Un 14 juillet sans prise de Bastille

On attendait un défi, nous eûmes un dépit.

Triste 14 juillet, confiné.
Décevante interview du Président, peu inspiré.
Nouveau chemin ? Peu tracé.

Comment ne pas se dire déçu quand le teasing présidentiel avait laissé entrevoir, « en juillet », un discours de chef ? Ce fut une interview très peu aiguillonnée, entre TF1 et F2, dans le style « alors, patron, ça va pas fort tout ça, et vous, comment allez-vous ? » qui a déçu les attentes/rêves d’un pays en vacances, résigné, dont la seule énergie semble l’acceptation d’une vie masquée, défiante à l’encontre des mauvais.es citoyen.nes qui vont visage découvert.

Car quoi, à part la certitude que, le 1er août, le sens civique sera l’obligation des cache-bouches-nez dans « les lieux clos » et pas même dans la rue où est censé flotter un aérosol viral sans la moindre preuve de sa réalité…

Comme l’énumérait un commentateur, et la décentralisation quasi promise ? et l’environnement ? et la sécurité ? Sur la décentralisation, rien. Sur l’environnement, la mention des 146 propositions dont une seule fera l’objet d’un référendum sur la Constitution dont tout le monde se moque. Sur la sécurité et les exactions policières, la promesse de caméras partout, ce que Léa Salamé, l’intervieweuse de France 2, a pris pour de la surveillance de rue quand Emmanuel Macron ne parlait que de webcams sur l’épaule des forces de l’ordre… Passionnant.

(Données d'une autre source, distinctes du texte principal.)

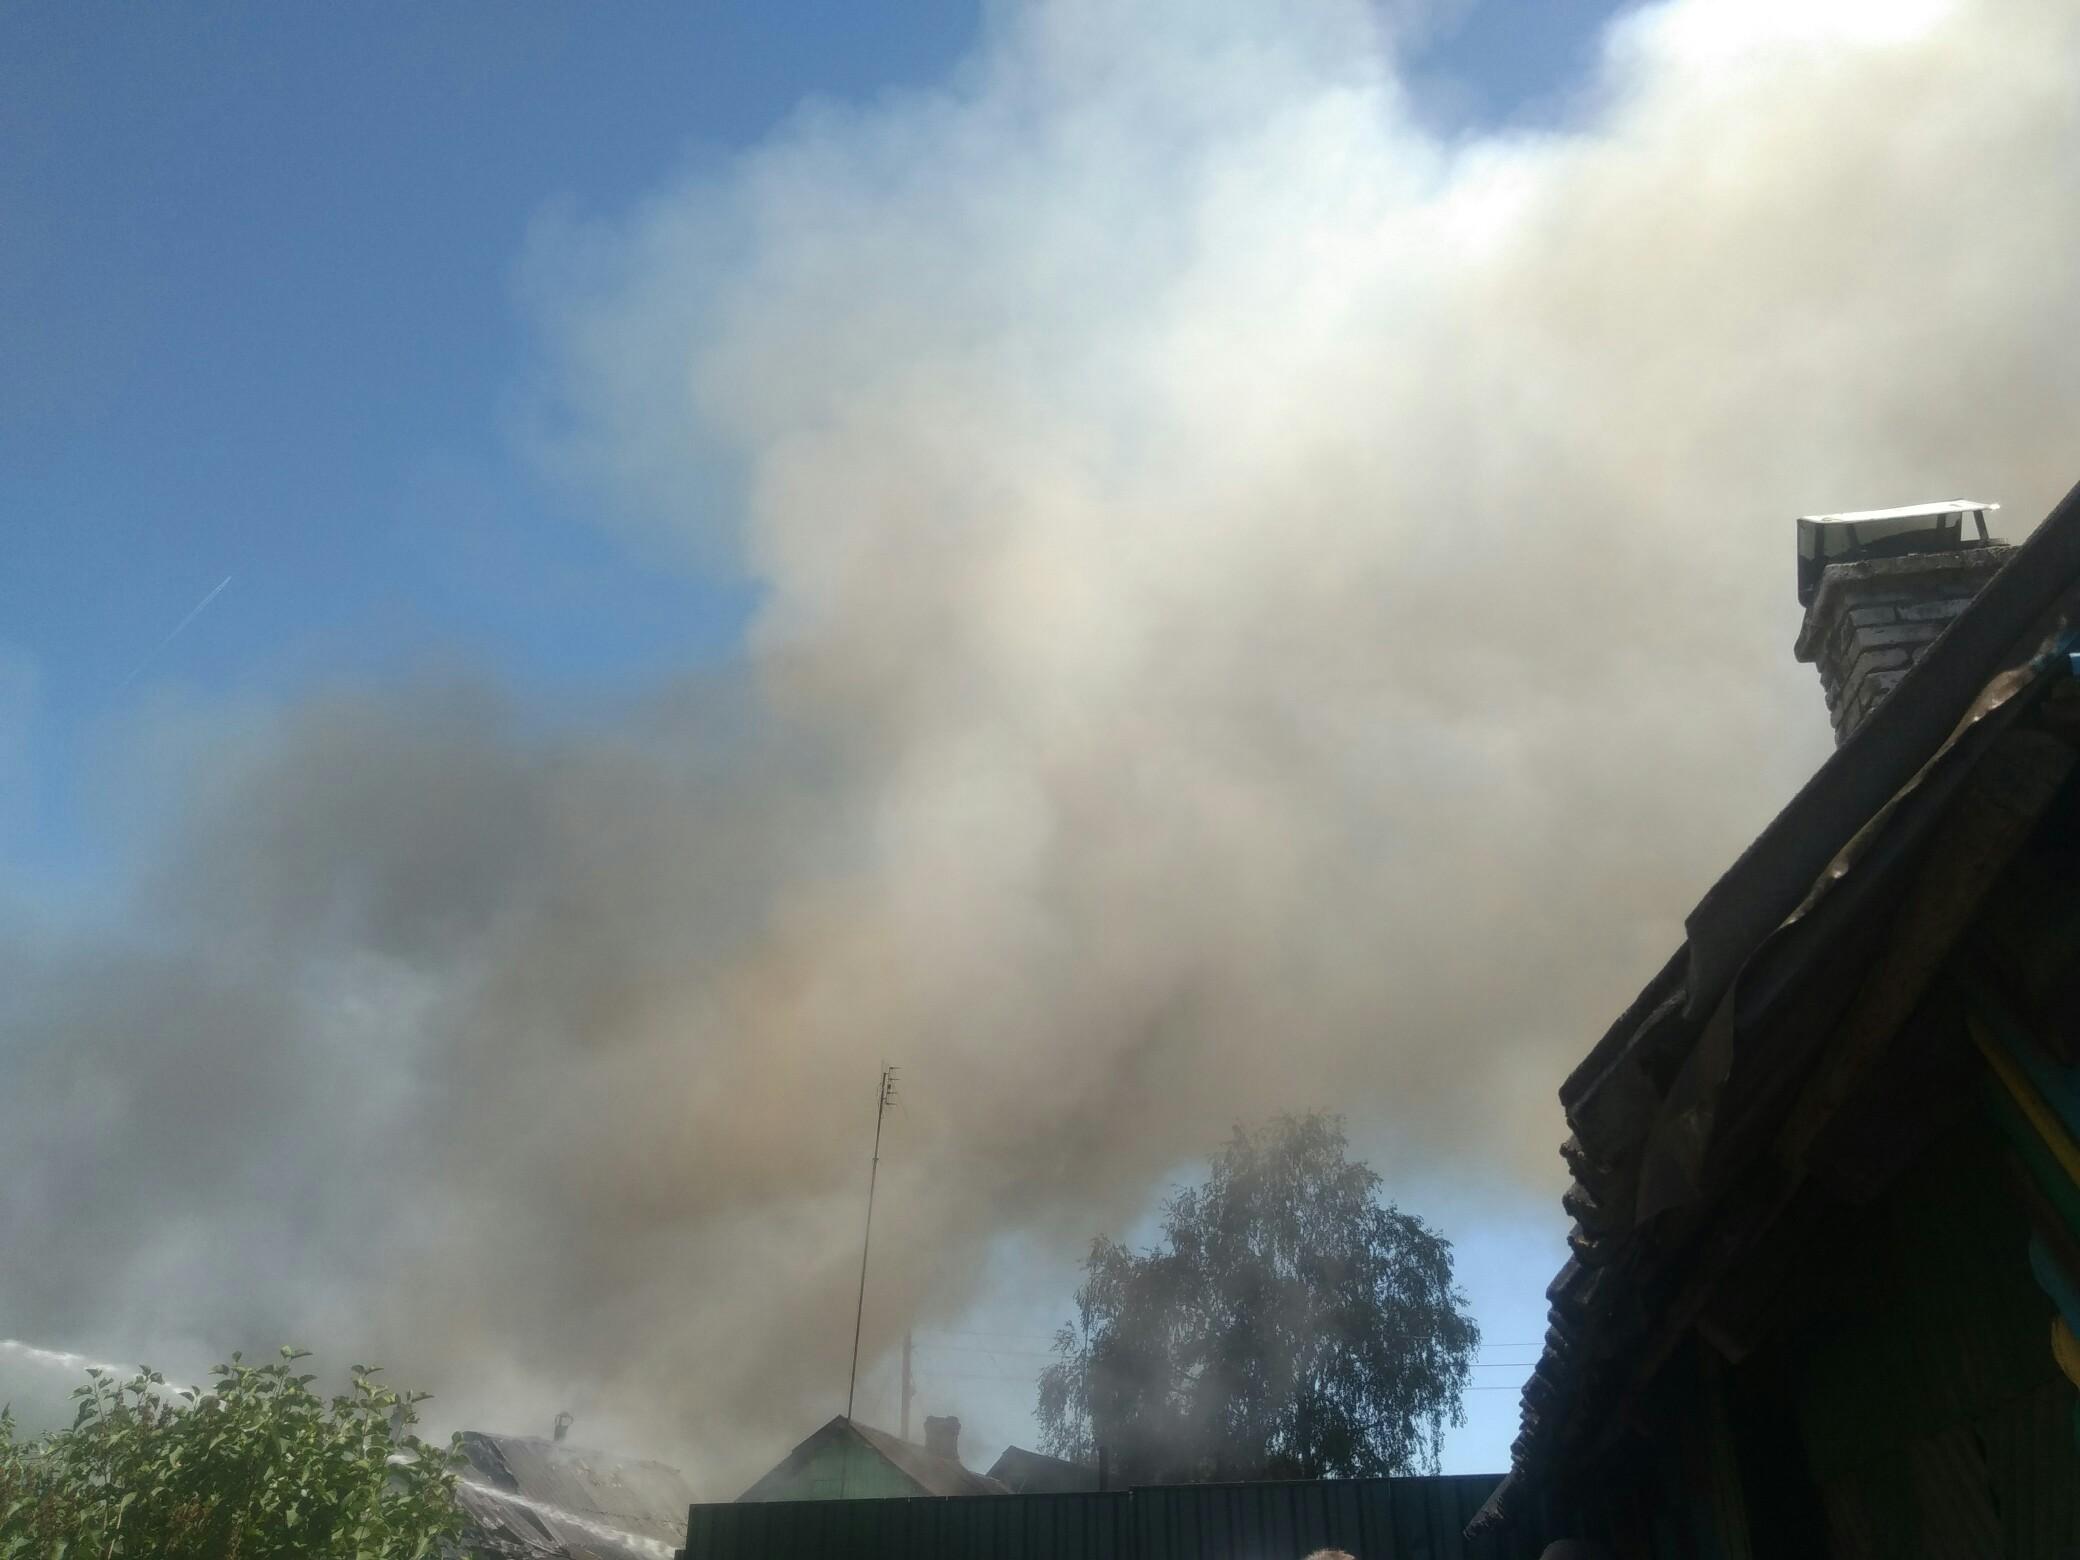 9 июня в Борисове произошло 2 пожара. Погиб человек

Il est des temps où les catastrophes exigent d’un président, fût-il à 600 jours de la fin de son mandat, des orientations magistrales, des ruptures saisissantes, des aggiornamentos politiques qui remuent les foules et les entrepreneur.es. L’homme devait se « réinventer », nous réinventer. Au lieu de quoi, on attend, encore, cette fois le discours du nouveau Premier ministre dont la voix chantante véhiculera des réformes ajournées et des mesures d’organisation antireconfinement.

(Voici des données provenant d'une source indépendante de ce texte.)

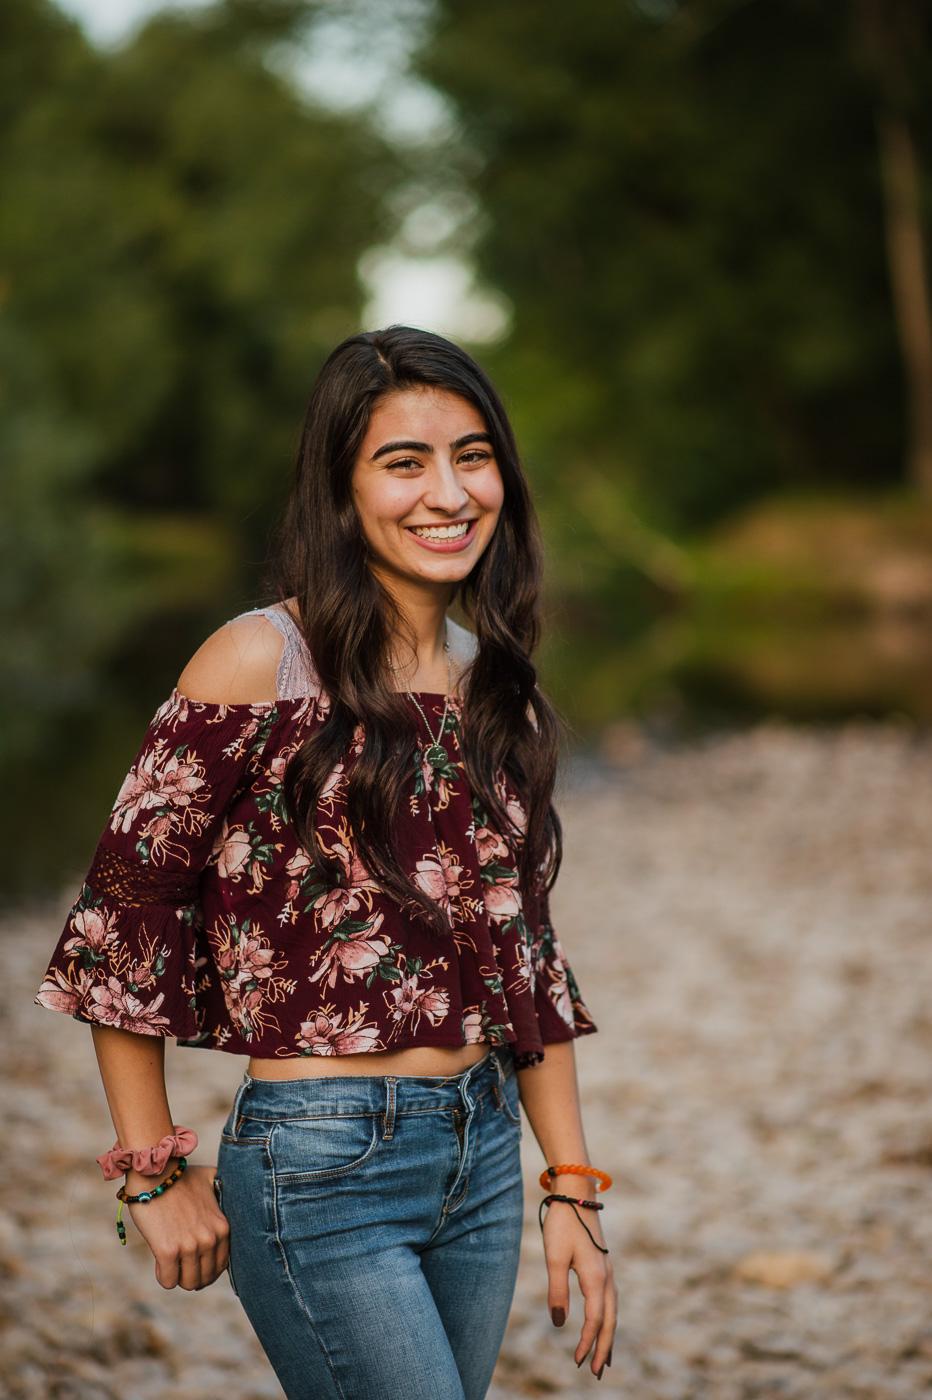 PHOCO Photography Fort Collins Colorado Elizabeth Senior 2019-1.jpg

Mais toi, l’éditorialiste ronchon, qu’attendais-tu de ce jeune président à la manœuvre que l’on dit fatigué, morigéné par sa femme inquiète de tant de veilles ? Un axe. Un coup de poing. Un programme. Un grand défi s’impose pourtant, qui aurait de quoi offrir une perspective, un combat, un business, une excellence : engager la France dans un new deal à la Roosevelt, mais un new green deal, le green business, cette alliance historique du futur vivable et de la croissance industrielle, de la technologie et du profit, de l’emploi et du bien-être, de l’entreprise et du redéploiement. Un président qui lancerait un défi à la start-up nation des premiers temps du quinquennat : tout orienter vers la dépollution, les déchets, la réforme des villes, la mobilité propre, la transition énergétique, les énergies renouvelables, l’isolation des habitats, le relais du plastique, l’agriculture bio et la nutrition sans abattoirs. Toutes ces « utopies » qui auraient pu naître de l’avertissement du coronavirus dont la leçon unique nous serine : changez tout.

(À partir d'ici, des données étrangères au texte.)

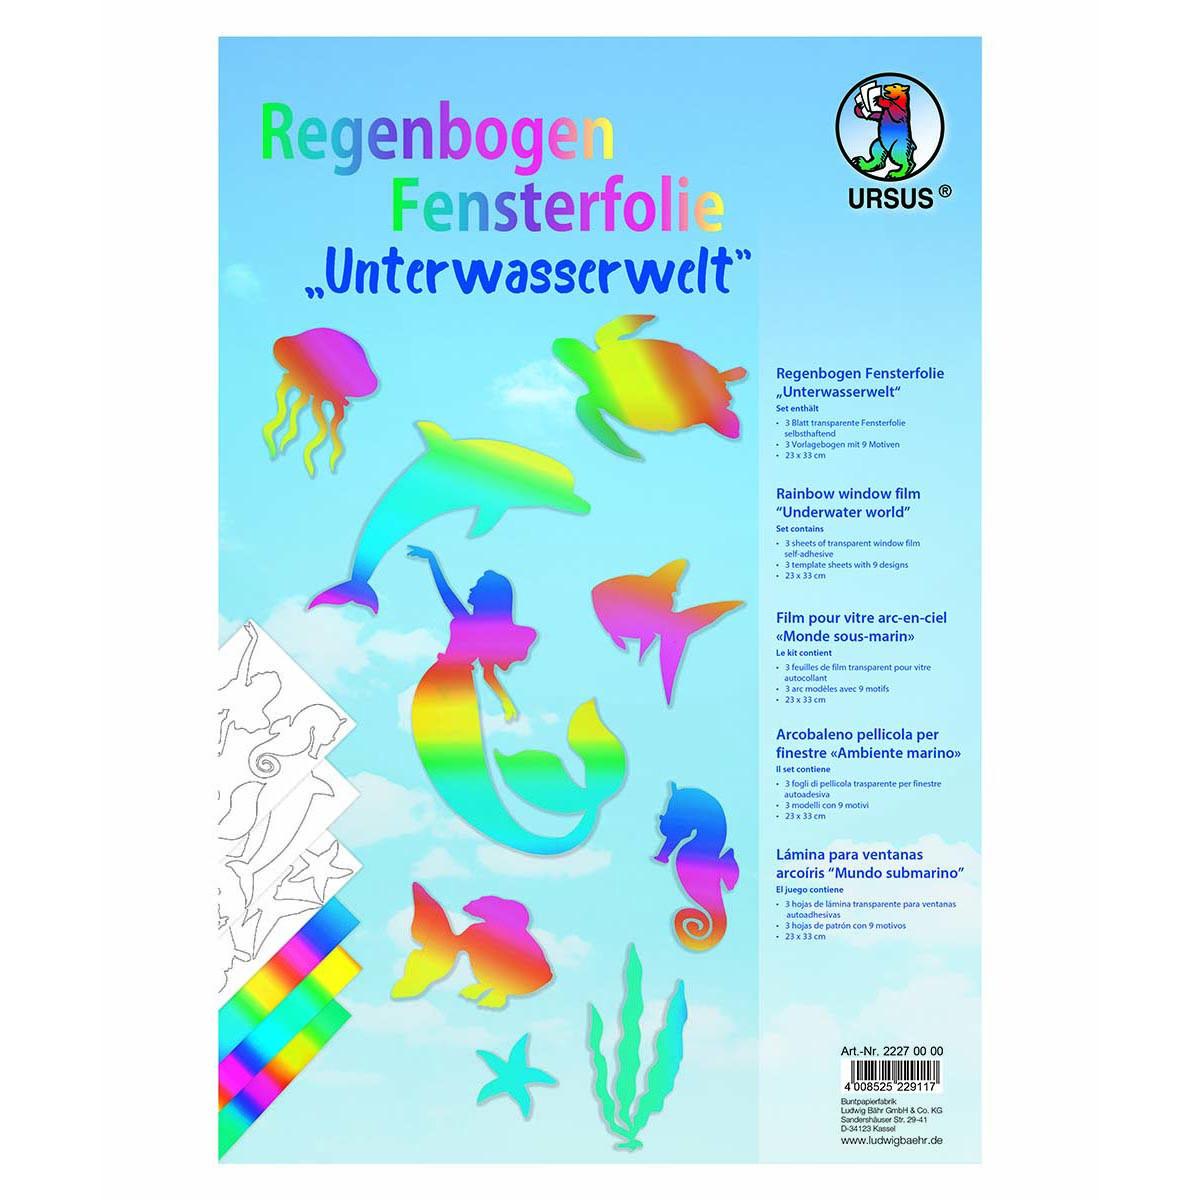 """Regenbogen Fensterfolie """"Unterwasserwelt"""" - selbstklebend"""

Changez-nous de chemin. Un pays pourrait le faire. L’Europe pourrait le faire. Ne serait-ce que pour revivre aux côtés des maîtres sino-américains du monde dont le seul rêve à la Elon Musk ou à la Jack Ma est d’aller polluer d’autres planètes puisque cette bonne vieille terre ne suscite plus que des pandémies débilitantes.

La France regorge d’entreprises et d’idées, de savoir-faire et d’ingénieur.es. On peut marier environnement et richesses. Mais il faut une impulsion, une audace, un président qui dise « On va foncer et je cherche les milliards pour le faire, avec, cette fois, un vrai retour sur investissement ». Le 14 juillet aurait mérité cette prise de Bastille-là.